(комментарий из будущего)
Присяга – это клятва. А потому должна быть осознанной. Но если раба выводят строем и дают прочесть перед строем текст, называя его клятвой-присягой – это абсурд. В армии должны присягать, прежде всего, офицеры, так как они добровольно выбрали военную службу. Присягу должны давать сверхсрочники старшины, прапорщики и все контрактники. Поскольку это тоже добровольно выбранное направление жизни. Естественно, должны давать клятву-присягу замполиты и люди, ответственные за воспитательную работу в армии. А, принудив солдата к присяге, как можно судить его за нарушение её? Конечно, в условиях мнимого социализма делать это было проще, поскольку люди верили в то, что строят достойную жизнь для всех членов общества, на страже которого стоит солдат. Тогда мы присягали на верность социалистическому отечеству, которое было гарантом нашей жизни и смыслом её.

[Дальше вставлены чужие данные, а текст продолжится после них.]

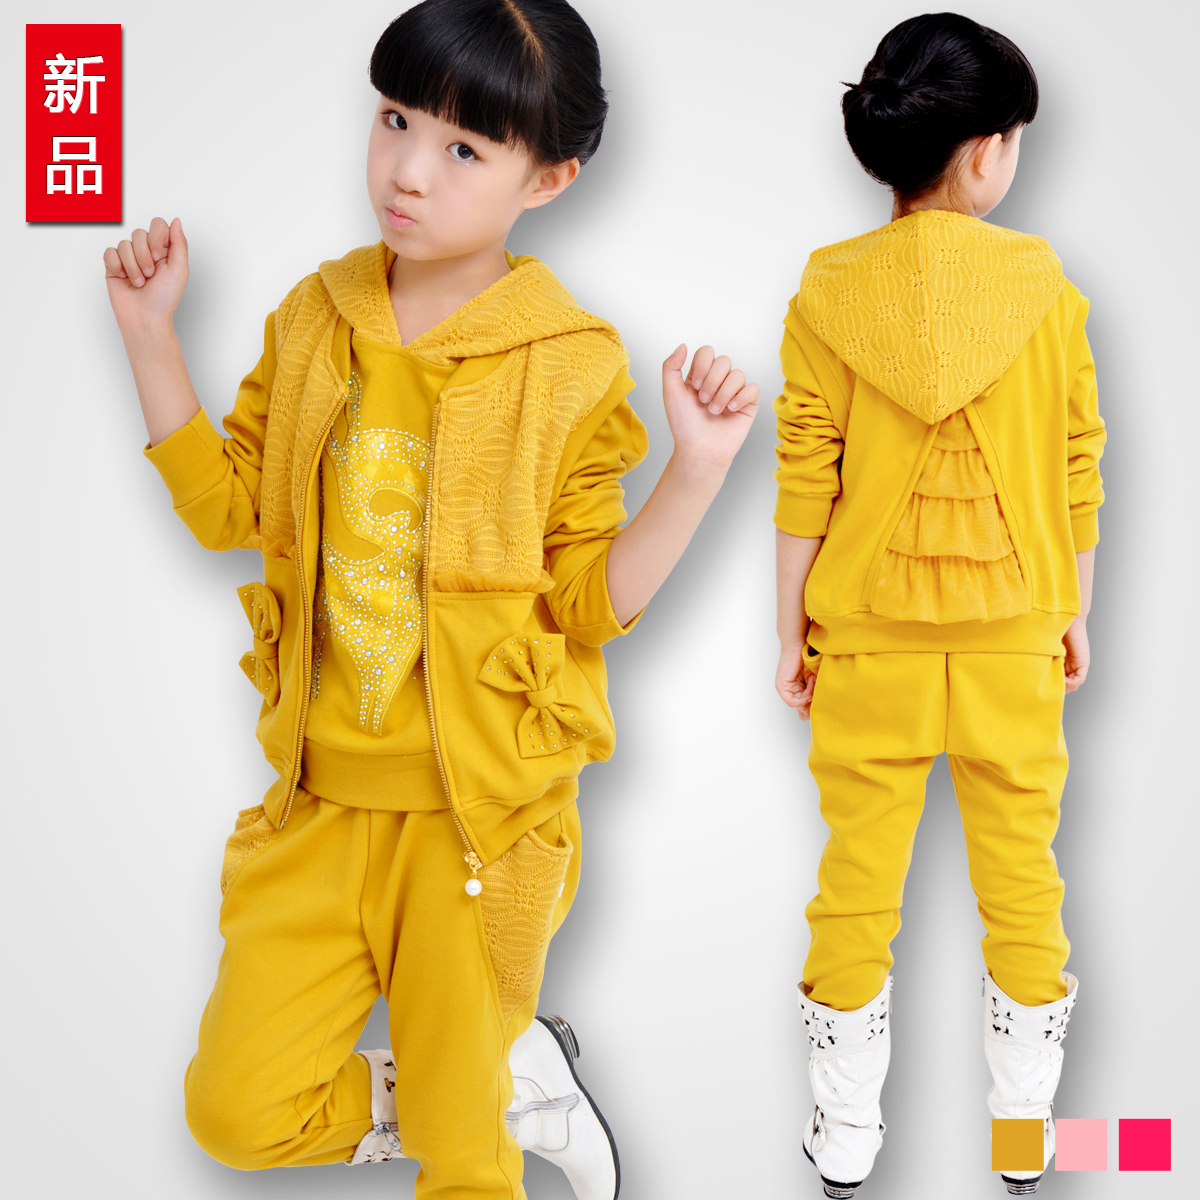 儿童女孩童装秋装2015 韩版新款女中大童休闲运动女童套装三件套

…Единственное, чего я тогда не желал, это попасть в войска МВД, чтобы не охранять заключённых. Мне почему-то казалось, что я могу там совершить непоправимую оплошность: довериться зеку и залететь по своей наивной простоте в какую-нибудь страшную историю. А так, мне было в принципе всё равно, как мною будут распоряжаться, если уж я попал в армию.
После окончания техникума и работы в течение двух лет среди геологов и буровиков в полевых условиях я решил окончательно расстаться с геологией. Стал усиленно готовиться к экзаменам для поступления в университет на филологический факультет. И надо сказать, очень успешно, так как сдал вступительные экзамены на «отлично». Но при собеседовании оказалось, что после техникума я должен был отработать три года, а я отработал два. Таким образом, вместо университета, я загремел в армию. «Откосить» от неё не приходило мне в голову. Да тогда это не было принято. Через десять лет я, правда, окончил этот же университет с красным дипломом, только уже без отрыва от производства.
Молодой солдат старослужащему:
– Сколько тебе ещё служить?
– Теперь, чепуха.
– Сколько?
– Последний год идёт. А тебе?
– Мне? Три «чепухи».
Определили меня в танковые войска и направили в город Дзержинск в воинскую часть «три семёрки две пятёрки» – 77755.
Доставили нас на электричке во второй половине дня и тотчас повели строем в солдатскую столовую, где накормили щами и перловой кашей. Каша показалась необыкновенно вкусной, и ел я её впервые в жизни. Я тогда ещё не знал, что это будет наш основной корм в течение трёх лет и что придёт время, когда я исключу её из своего меню навсегда.
Наши вещи находились в клубе, а нас опять же строем повели снова в столовую, где передали в распоряжение упитанного старшины-сверхсрочника, который выдал нам половые тряпки, куски хозяйственного мыла и определил фронт работ. Мы старательно на четвереньках намыливали и тщательно протирали кафельный пол столовой. Блок питания был просторен, здесь «принимал пищу» одновременно весь полк. Площадь была настолько обширной, что нам казалось – работе не будет конца. Мы не могли тогда предполагать, что нас «новичков» прекрасно использовали. Никогда матёрые солдаты не моют так полы. Достаточно намочить тряпку, расправить её на ширину рук и, пятясь, тянуть её от начала до конца, собирая мелкий мусор и увлажняя поверхность пола. Вот и всё. Процесс это длится недолго, а задание выполняется быстро и чётко, не говоря, конечно, о качестве.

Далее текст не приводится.